My problem is if I keep the sigmoid in the forward and use BCELoss I get this final result

However if I change it without a sigmoid function and use BCEwithLogits I get this result

Hi Raouf!

I don’t follow in detail what you are doing, but be aware that
the output of a model with a final `sigmoid()` layer will, of
course, be different than the output of the analogous model
that lacks that layer.

With the `sigmoid()` layer your model returns probabilities.
Without the `sigmoid()` layer, your model returns “raw scores”
that are called logits.

Some comments appear in line, below.

Removing the `x = torch.sigmoid(x)` will, of course, change
the value `x` that your model returns.

The loss you calculate will be (more or less) the same if you
then use `criterion = nn.BCEWithLogitsLoss()` without
the `sigmoid()` layer, but the model’s output is different.
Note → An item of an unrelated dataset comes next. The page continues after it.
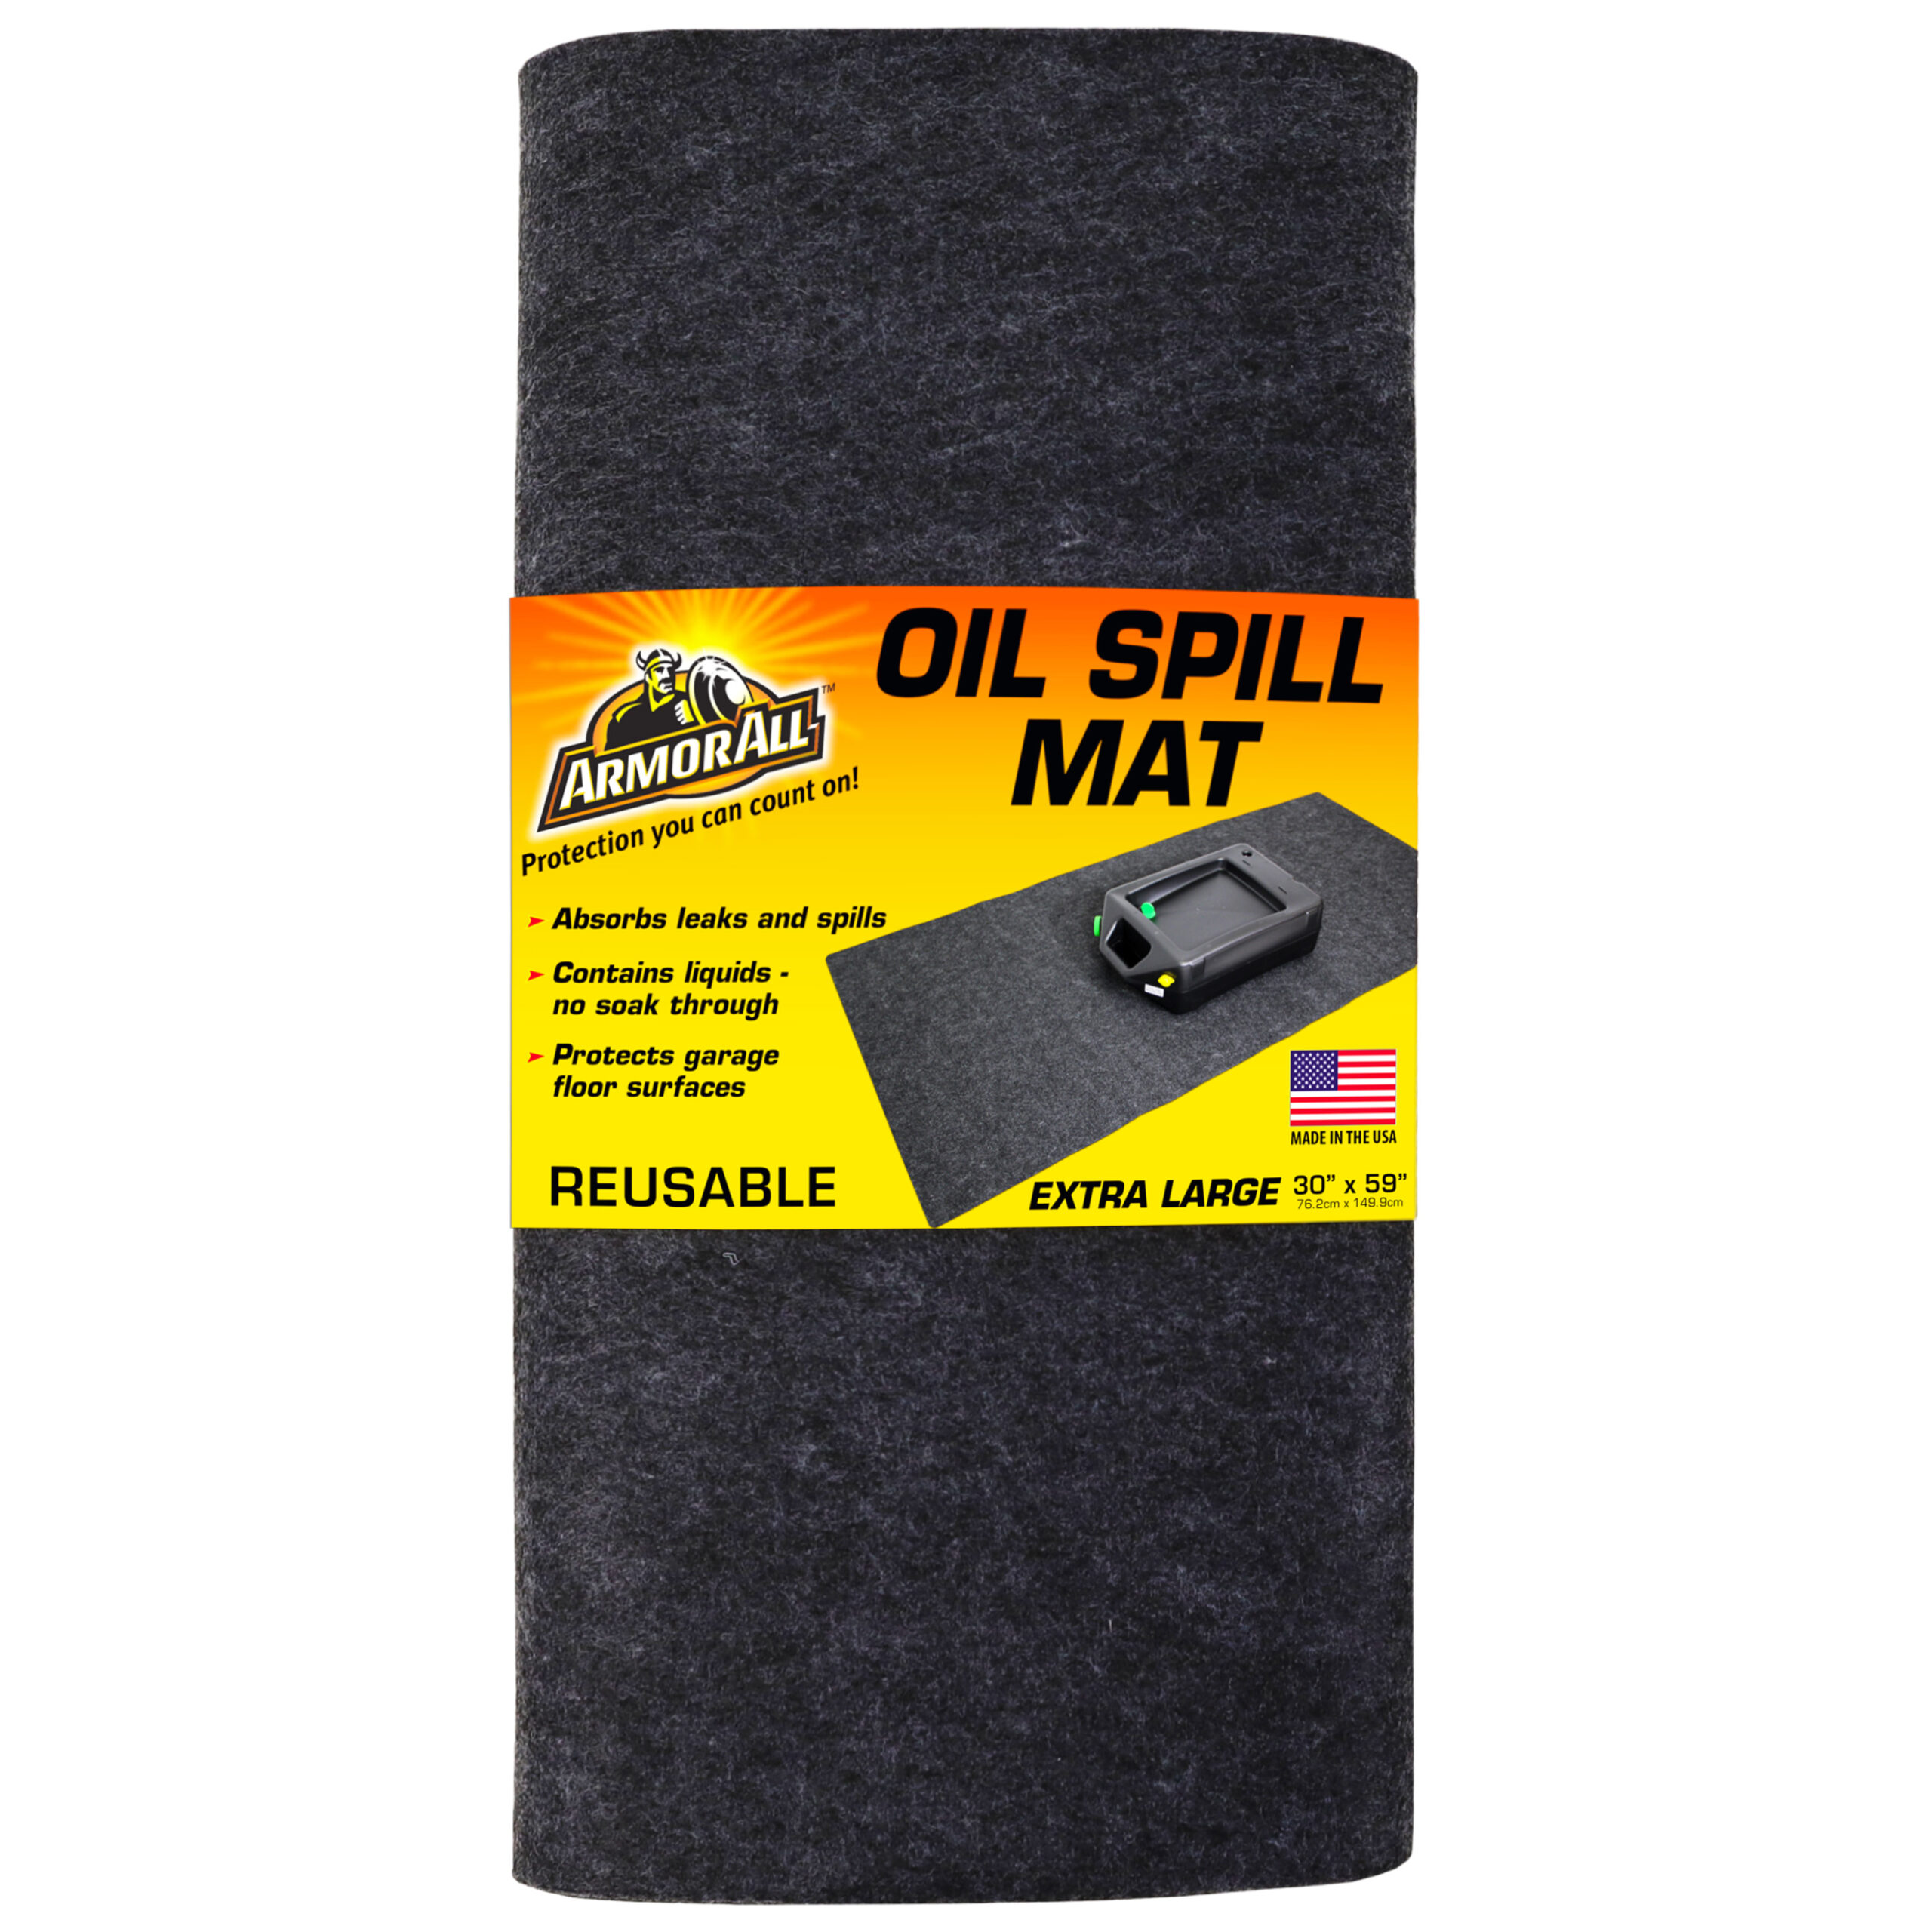 Oil Spill Mat Car Repair Mat Reusable Protects Garage Floor

This
difference – logits instead of probabilities – is compensated for
by using the different loss function.

Using `outputs.squeeze()>=0.5` as your binary predictions
is appropriate when using the final `sigmoid()` layer. But unless
you change the logic for your prediction / accuracy calculation
when you remove the `sigmoid()` layer you will get different
(and incorrect) results.

When `outputs` are the logits you get without the `sigmoid()`
layer, you should use `outputs.squeeze()>=0.0` to get your
binary predictions.

You plot `Z`. `Z` comes from `preds`, which comes from your model.
When you remove the `sigmoid()` from your model, you change
`preds` and `Z`, so your plots come out different because you are
plotting something different.

Best.

K. Frank

1 Like

My mistake was very obvious !
That’s the effect of coding at 2.00 am and copying my training loop from an above cell
Thanks a lot Sir